Among the SSRIs, sertraline is the most studied, found to be active in some cases already at the concentration of 9 µM. This drug was tested on more than 20 microbes including yeast and bacteria. On yeast, and especially on C. albicans, it inhibits virulence factors such as hyphal formation and the secretion of aspartyl proteinases, kills yeast, and inhibits biofilm formation. Moreover, this drug works synergistically with fluconazole [50,51,58]. In bacteria, sertraline was shown to inhibit growth and to work synergistically with other antibiotics, but no further details have been reported [60,61,62,63]. To our knowledge, sertraline is also the only drug being employed as an antifungal in humans, specifically, against cryptococcal meningitis. Sertraline was initially demonstrated to be able to potentiate the action of azoles against cryptococcal microbes [60]; later, it was tested in a Phase II study [94] and a follow-up Phase III study in HIV patients infected by this fungus, but with no convincing results [95].
Fluoxetine, an SSRI, was found to be active against bacteria, fungi [50,56,64,67], and, interestingly, even a virus. Indeed, this drug was able to inhibit the viral RNA and proteins of Coxsackievirus [66]. The latter is an enterovirus, a small non-enveloped RNA virus, member of a genus responsible for different life-threatening conditions such as encephalitis or myocarditis [96]. Clorgyline, a MAOI, is active against C. albicans and C. glabrata where it inhibits efflux pumps and positively interacts with fluconazole [56,70]. A second MAOI, phenelzine, was found instead to be active against Salmonella [71]. Works based on TCAs showed that this class of molecules was active against Candida spp., where they inhibited hyphal formation, lysed the cells, and killed them even in a mature biofilm [72,73]. Moreover, the TCA amoxapine is active against Salmonella and Y. pestis [54,71]. Interestingly, some TCAs and the antipsychotic thioridazine are capable to resensitize methicillin-resistant S. aureus (MRSA) to β-lactam [97,98,99]. This is relevant, as it opens the possibility to use this drug, alone or in combination with known antibiotics, to treat resistant bacteria.
The neuroleptics aripiprazole and bromperidol can inhibit biofilm formation by Candida spp., but the second was found to work synergistically with spectinomycin to inhibit the growth of Mycobacterium smegmatis and M. tuberculosis [55,75]. Benzodiazepines are active against C. albicans and can inhibit biofilm formation; they are also active against S. aureus, E. faecalis, E. coli, P. aeruginosa, and A. baumanii [10,76,77,78].

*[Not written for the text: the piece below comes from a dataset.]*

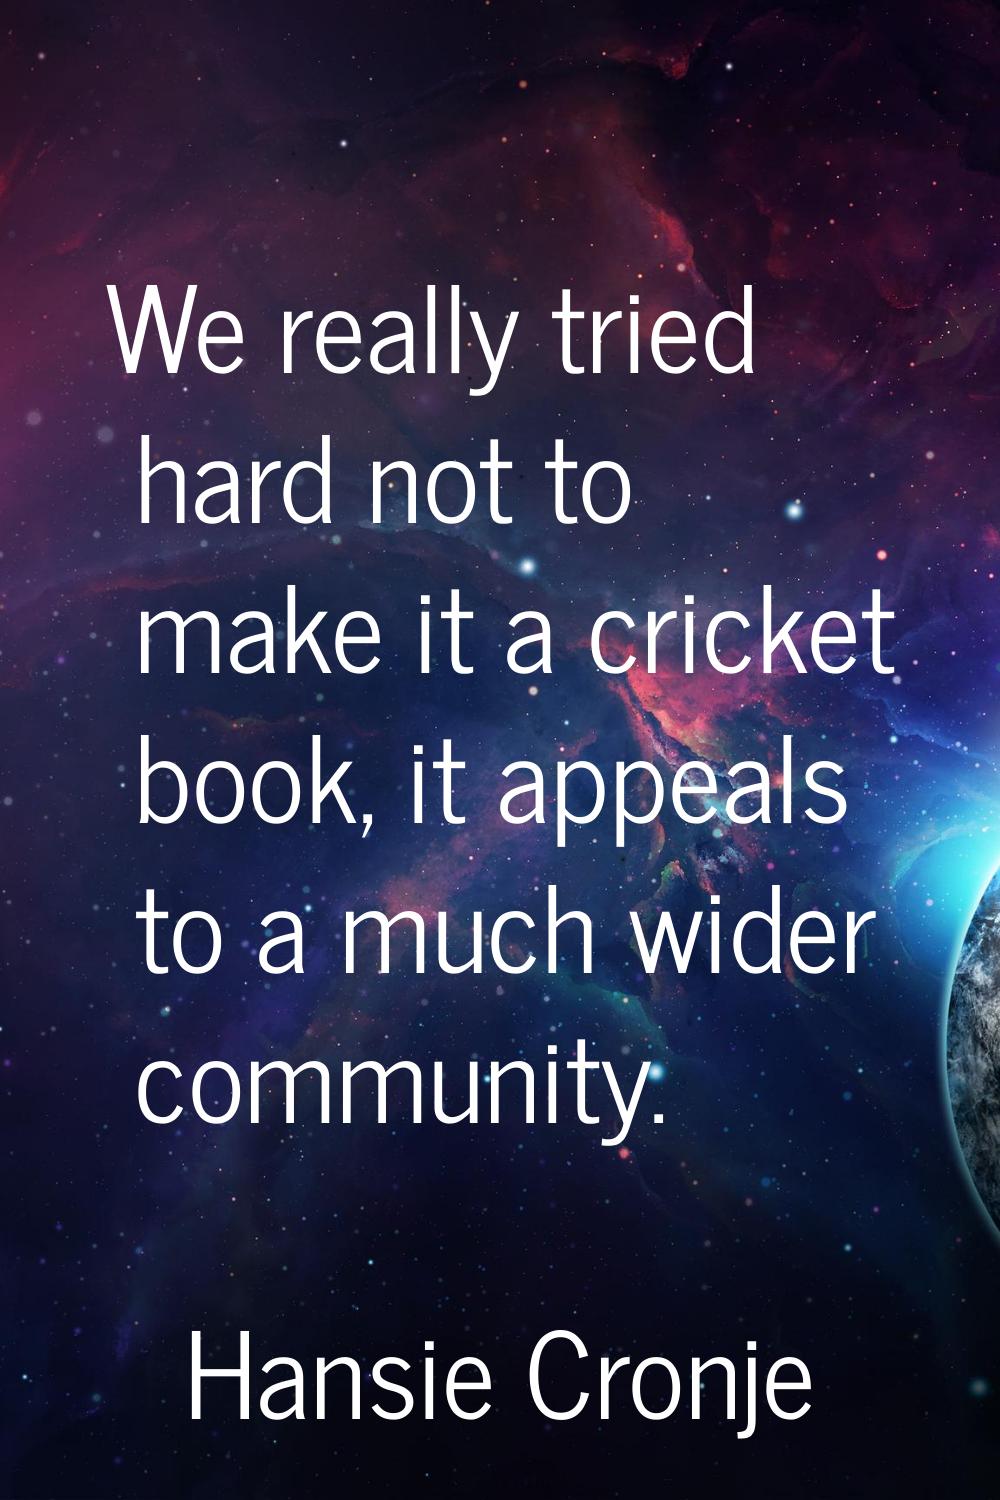 We really tried hard not to make it a cricket book, it appeals to a much wider community.

6. Possible Mechanisms of Action

Antidepressants and antipsychotics display antimicrobial activity on a wide range of microbes, as reported in Table 1. However, the examined reports do not include specific details on their mechanism of action and molecular targets. The following paragraphs summarize what is known so far on this topic.

6.1. Inhibition of Efflux Pumps

A direct target of SSRIs, and partially of some TCAs, is the human Serotonin Transporter, a membrane-bound Na+-dependent solute carrier with 12 putative transmembrane domains. Its action allows the import of serotonin inside cells, and antidepressants inhibit this action. It has been suggested that, in microbes, the same molecules lower the activity of other proteins transporters such as xenobiotic efflux pumps (Figure 1). Indeed, overexpression of the efflux pumps Cdr1, Cdr2, or Mdr1 is a common way adopted by C. albicans to detoxify itself from xenobiotics [100]; P. aeruginosa does the same with MexAB-OprM and MexXY-OprM [101], and S. enterica serovar Typhimurium increases the levels of AcrB to excrete β-lactam antibiotics [102]. Inhibiting the removal of a toxic compound, such as an antibiotic, would therefore allow the latter to exert its action within cells. This idea is supported by the observation that the activity of C. albicans transporters overexpressed in multi-drug-resistant strains and expressed in S. cerevisiae, can be inhibited by the antidepressants clorgyline [70].

6.2. Inhibition of Mitochondria Activity

As reported in several works, the action of antidepressants and neuroleptics in microbes involves different biological processes, and it is suggested that several different components could be the target of these drugs [61]. Indeed, treatment of a C. albicans mutants library with nortriptyline identified mutants that are specifically sensitive or tolerant to this drug and others that share the same phenotype when treated with common antifungals [73]. The work suggests that mitochondria are one of the targets of nortriptyline (Figure 1), although it is not clear which function, carried out by this organelle (i.e., ATP production and oxidative phosphorylation, maintenance of the redox state, cell survival or apoptosis induction, lipid peroxidation), is affected. Inhibition of mitochondrial activity is displayed also when yeasts are treated with other central nervous systems drugs [103].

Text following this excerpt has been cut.